Can a blue whale be upstaged?


6th March

More blue whales today, as amazing, beautiful and humbling as yesterday's. As we sailed back from our morning with these giants, news came that ahead, around a group of small fishing boats, was a pod of spinner dolphins. It doesn’t seem possible that anything in the sea could upstage a blue whale but this morning I think the dolphins pulled it off. Let me set the scene: half a dozen puny fishing boats in a cloud of terns – whiskered, gull-billed, little and bridled – and two pomarine skuas floating nearby, waiting no doubt for a foolish tern to pass with a fish in its bill. All around the boats, under the maelstrom of terns were spinners, dozens and dozens and dozens of them, right at the water’s surface. They kept in tight groups of twenty or thirty, rolling over the water with their long beaks, their inky-dark backs and their sharp dorsal fins. Occasionally a dolphin, often a youngster, would leap from the sea and spin or cartwheel dramatically. All the while our crew whistled to them as this, they believe, attracts the dolphins’ attention. For minutes on end we watched astounded and delighted until, when it was clear the spectacle wasn’t stopping soon, we thanked the dolphins and sailed for home.

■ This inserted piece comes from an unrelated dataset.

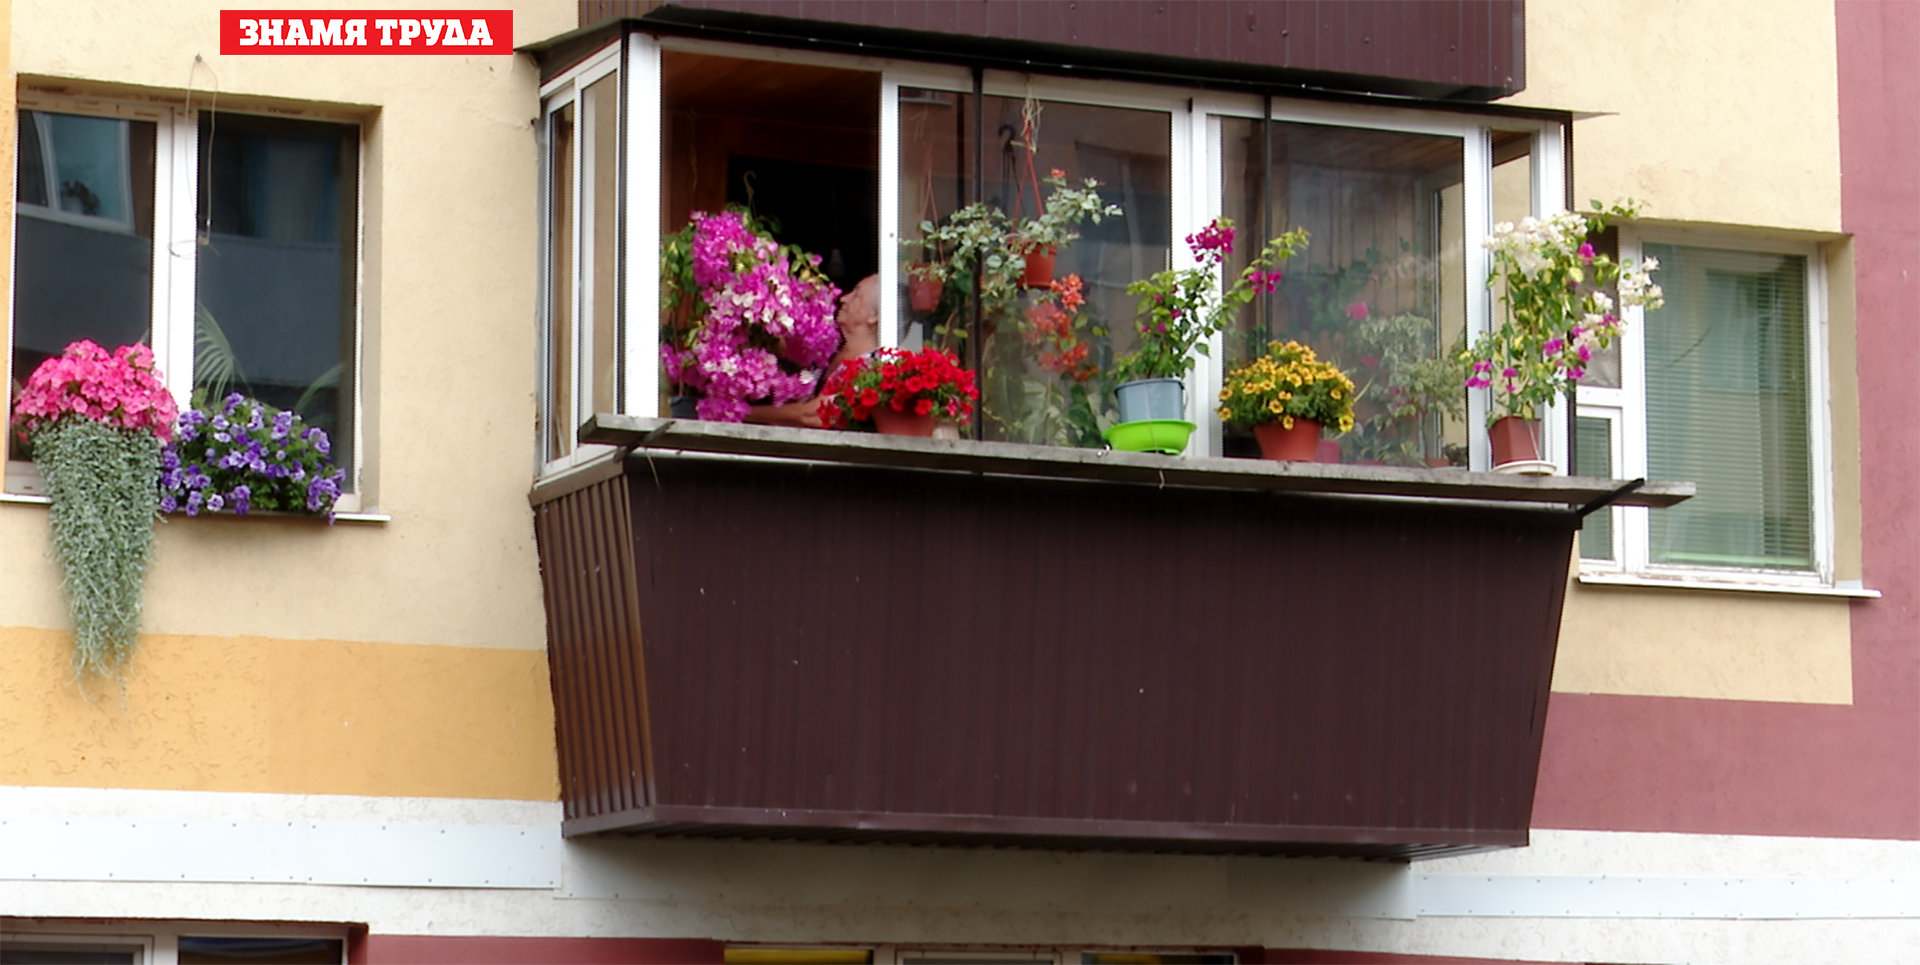 Удивительное рядом: жительницы Альметьевска своими руками создают благоухающие мини-сады

This afternoon we visited Galle, a port town with an imposing fort occupied and modified by successive colonial powers. Over the eighteenth century Dutch church flew an Indian swiftlet, in company with a house swift. On the ramparts were house sparrows, the first I have seen in Sri Lanka.

It’s late and I’m shattered. Time to climb slowly down from the dolphin high (is that what they call endolphins?) and sleep.


Quoting Roger Payne:
Whales have an important lesson to teach us. Whales have a large and complex brain but show no signs of threatening their own destruction. They haven’t reproduced themselves into oblivion, they haven’t destroyed the resources upon which they depend, they haven’t generated giant holes in the ozone, or increased the earth's temperature so that we might end up with the greenhouse effect. The lesson whales teach us is that you can have a brain of great complexity that doesn't result in the death of the planet.

Diane Ackerman
The Moon by Whale Light

 
New Sri Lankan beauties from today

Mammals

37
Gray’s spinner dolphin
Stenella longirotris longirostris

Birds

364
pomarine skua
Stercorarius pomarinus
365
little tern
Sterna albifrons
366
Indian swiftlet
Collocalia unicolor

2012 Totals
Mammals: 37
Birds: 366
Reptiles: 8
Amphibians: 3
Fish: 2

Monday, 5 March 2012

In the company of giants


There are creatures so magnificent that words and pictures cannot capture them, experiences so vivid they must be lived. This morning the creatures we saw were too magnificent and the experience too vivid, but try to express them in words I must. This morning we saw blue whales.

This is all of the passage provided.